Should you be using it? I always describe it as the “icing on the cake” – it’s not a fix for a badly-designed OBIEE system, but it does make a lot of sense to use once you’re happy that the foundations for the system are in place. If the foundations are not not in place? Then you’re just papering over the cracks and at some point it’s probably going to come back to bite you. As Mark Rittman put it nearly seven years ago, it’s “[…]usually the last desperate throw of the dice”. The phrase “technical debt”? Yeh, that. But, BI Server caching used after performance review and optimisation rather than instead of - then it’s a Good Thing.

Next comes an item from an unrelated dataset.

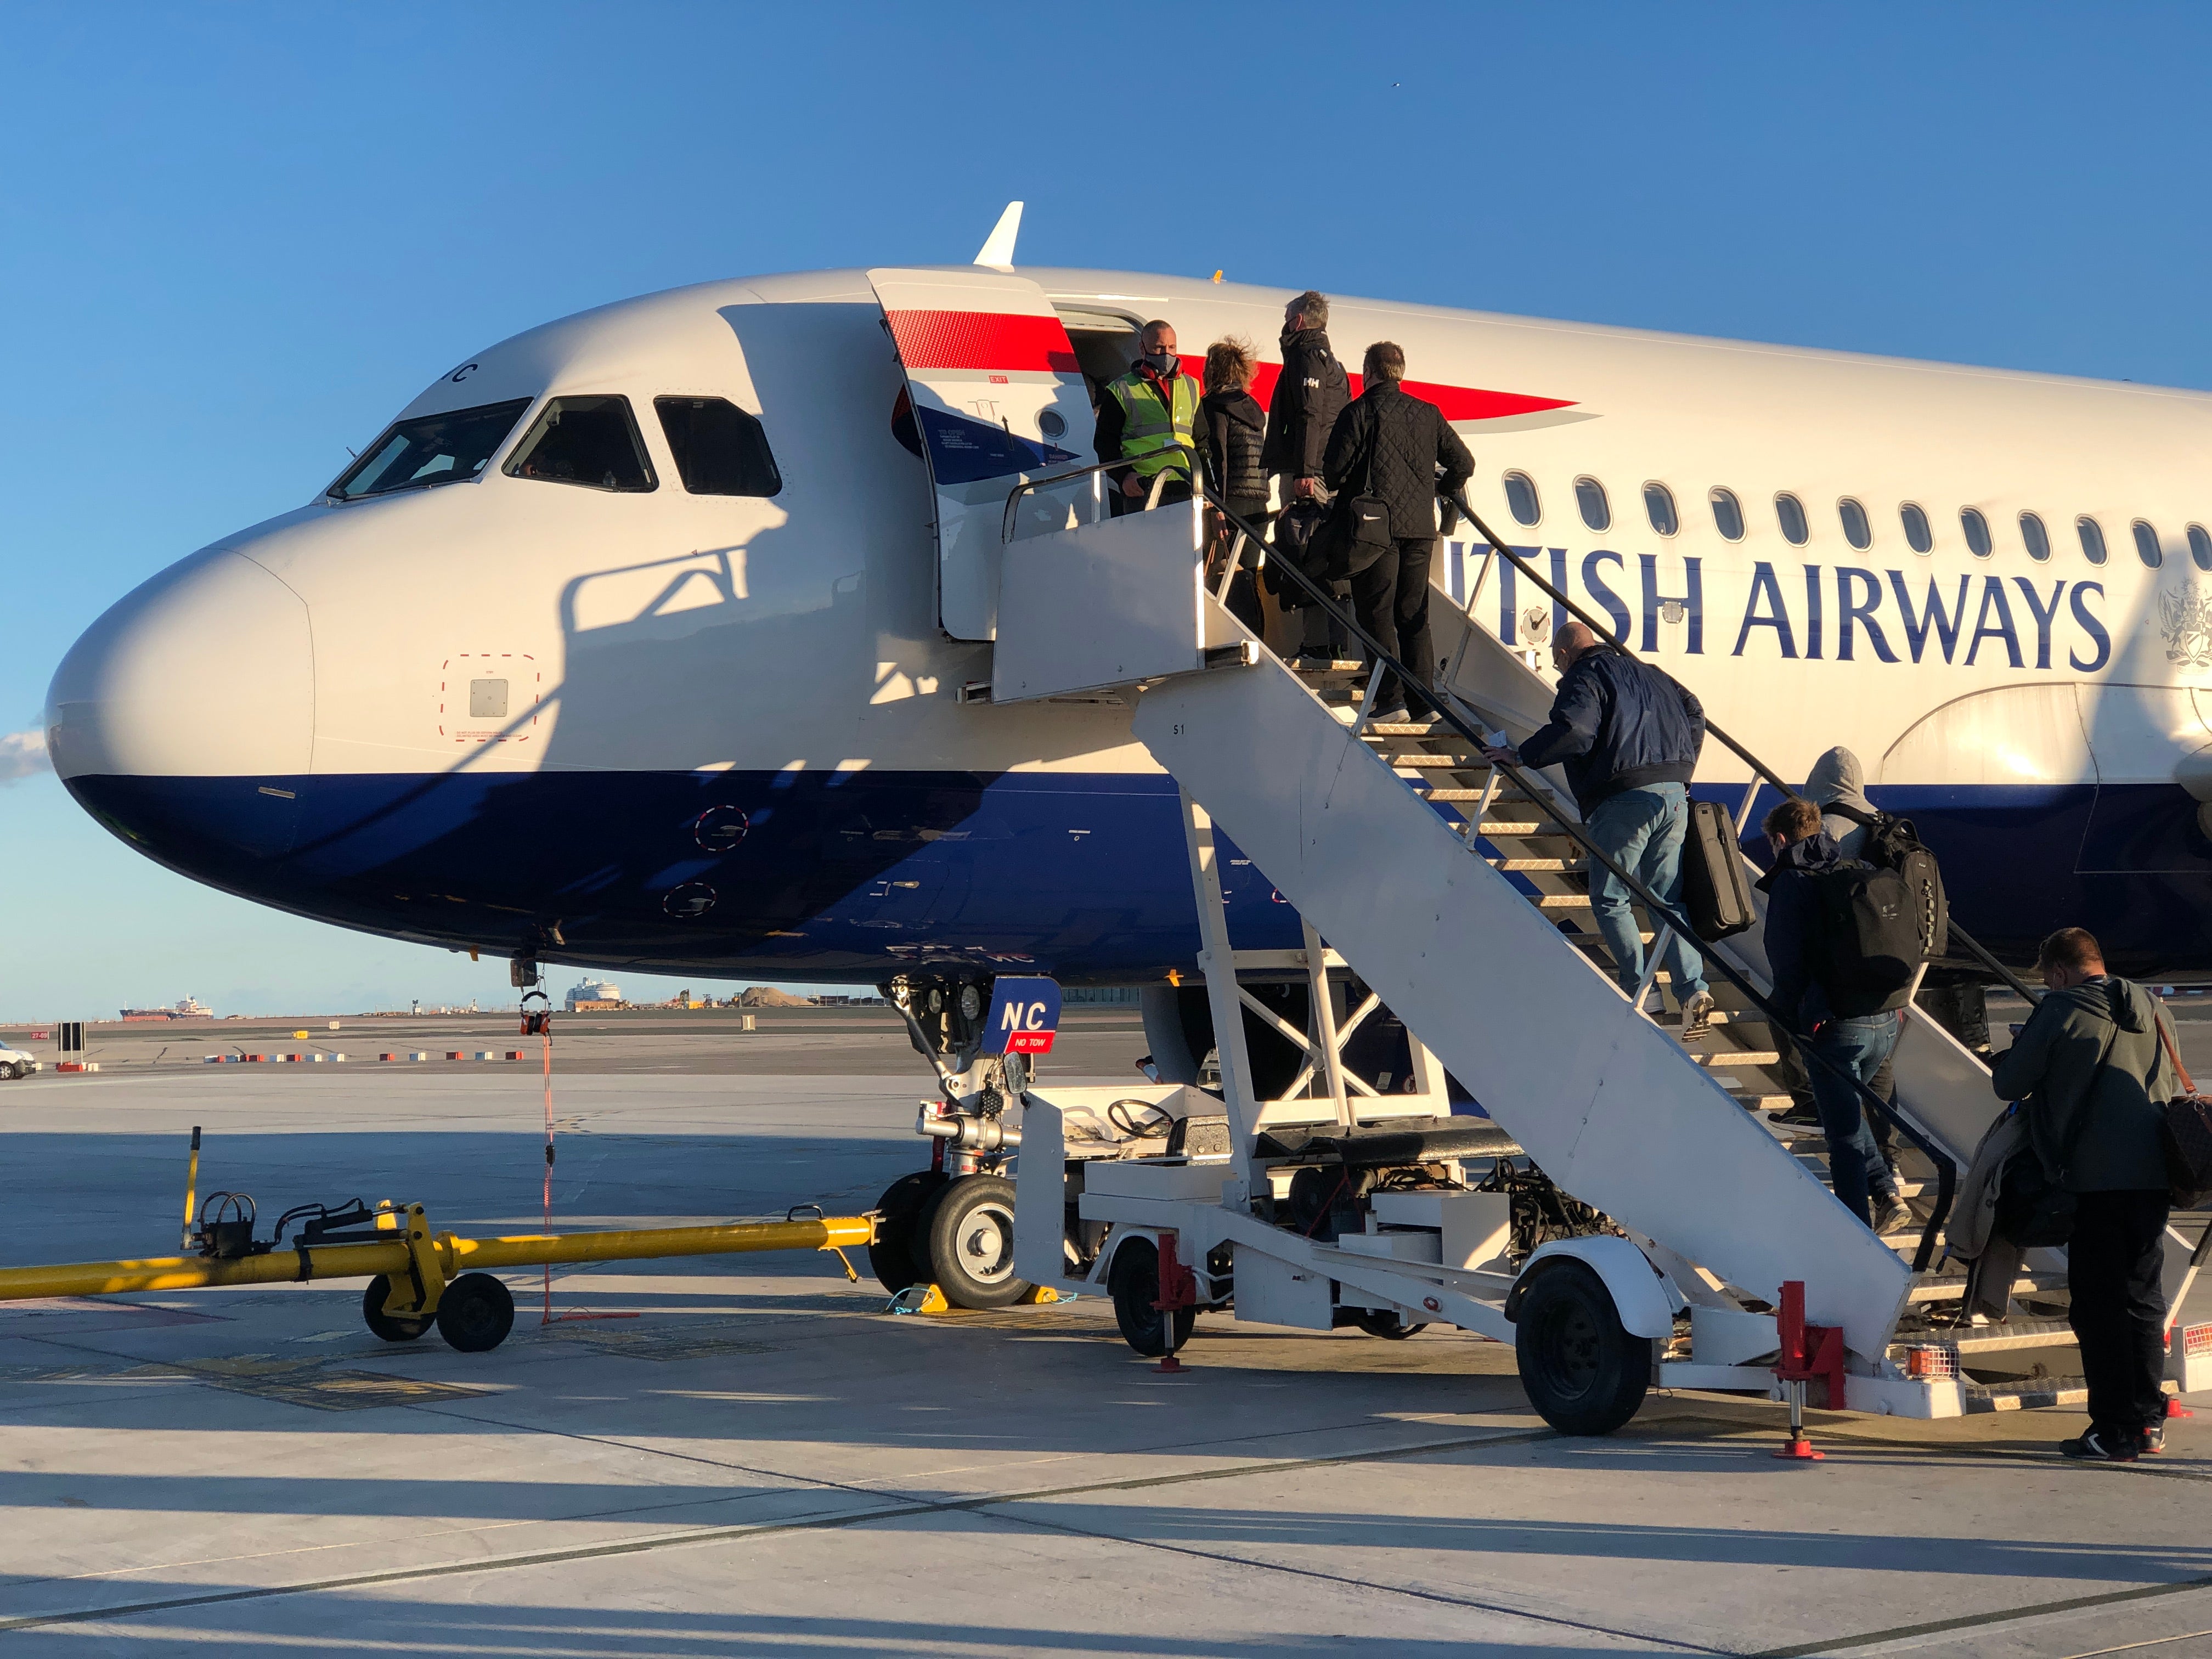 Boarding now: BA has a competitive edge over its no-frills rivals, at least in terms of cabin baggage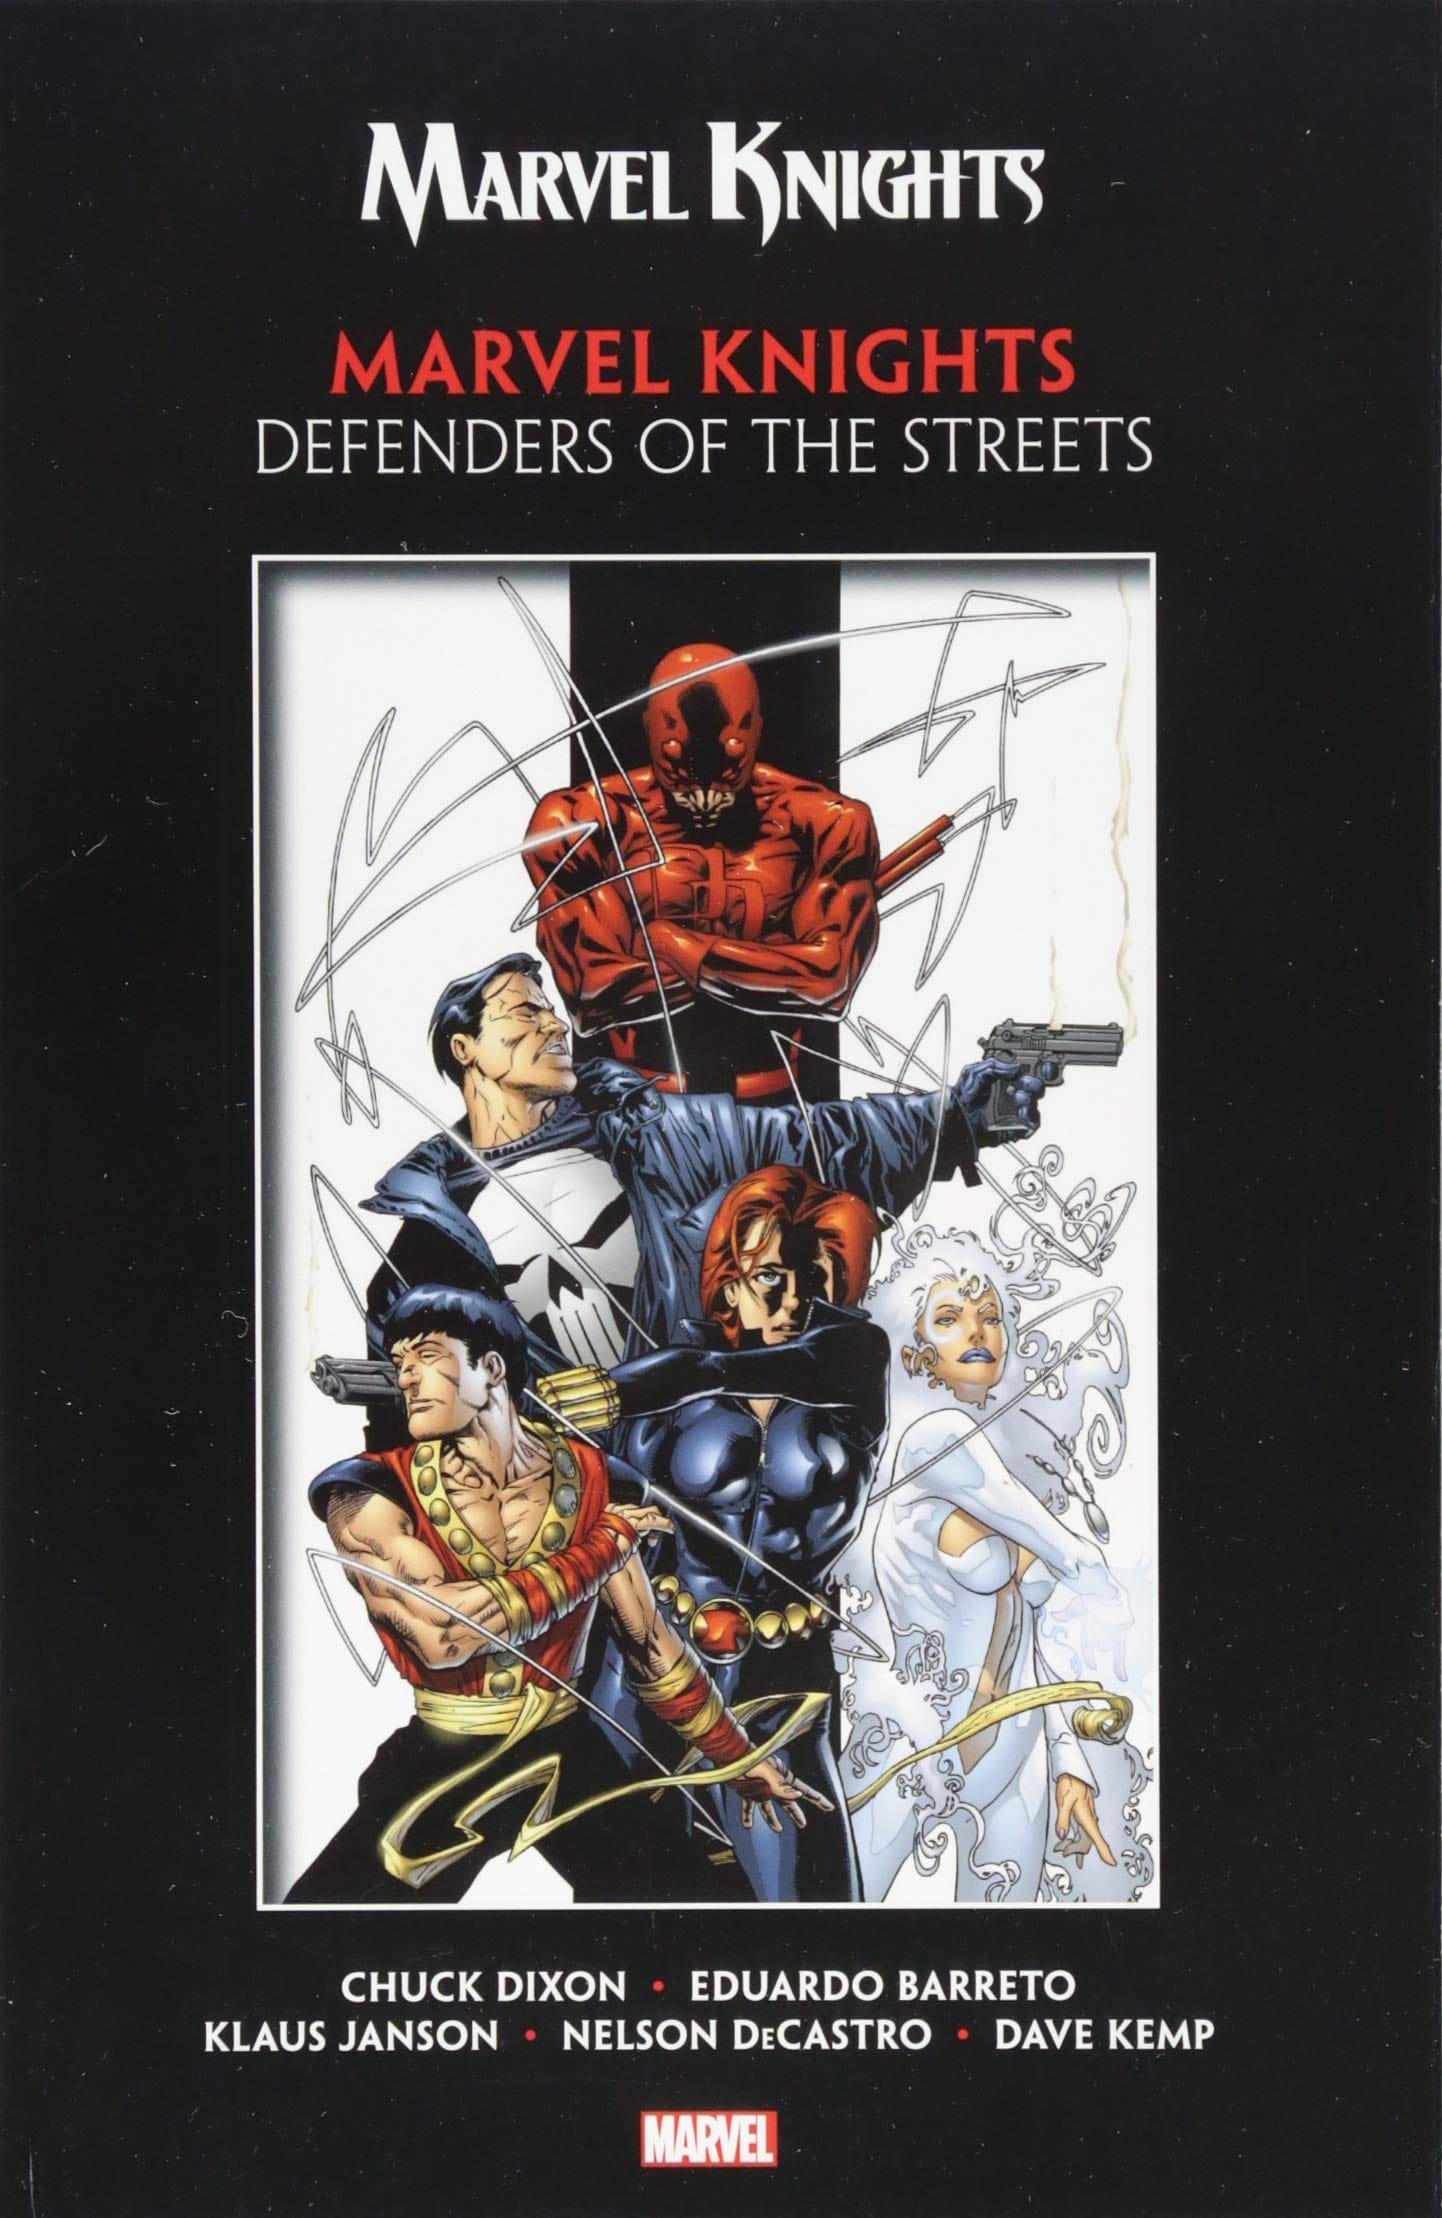 Marvel Knights by Dixon & Barreto Vol. 1: Defenders of the Streets - Third Eye

So you’ve decided to use the BI Server cache, and merrily trotted over to Enterprise Manager to enable it, restarted the BI Server, and now your work is done, right? Not quite. Because the BI Server cache will start to store data from all the queries that you run, and use it to satisfy subsequent queries. Not only will it match on a direct hit for the same query, it will use a subset of an existing cache entry where appropriate, and can even aggregate up from what’s in the cache to satisfy a query at a higher level. Clever stuff. But, what happens when you load new data into your data warehouse? Well, the BI Server continues to serve requests out of the cache, because why shouldn’t it? And herein lies the problem with “just turn caching on”. You have to have a cache management strategy.

A cache management strategy sounds grand doesn’t it? But it boils down to two things:

  1. Accuracy – Flush any data from the cache that is now stale
  2. Speed – Prime the cache so that as many queries get a hit on it, first time

Maintaining an Accurate Cache

Every query that is run through the BI Server, whether from a Dashboard, Answers, or more funky routes such as custom ODBC clients or JDBC, will end up in cache. It’s possible to “seed” (“prime”/“warmup”) the cache explicitly, and this is discussed later. The only time you won’t see data in the cache is if (a) you have BI Server caching disabled, or (b) you’ve disabled the Cacheable option for a physical table that is involved in providing the data for the query being run.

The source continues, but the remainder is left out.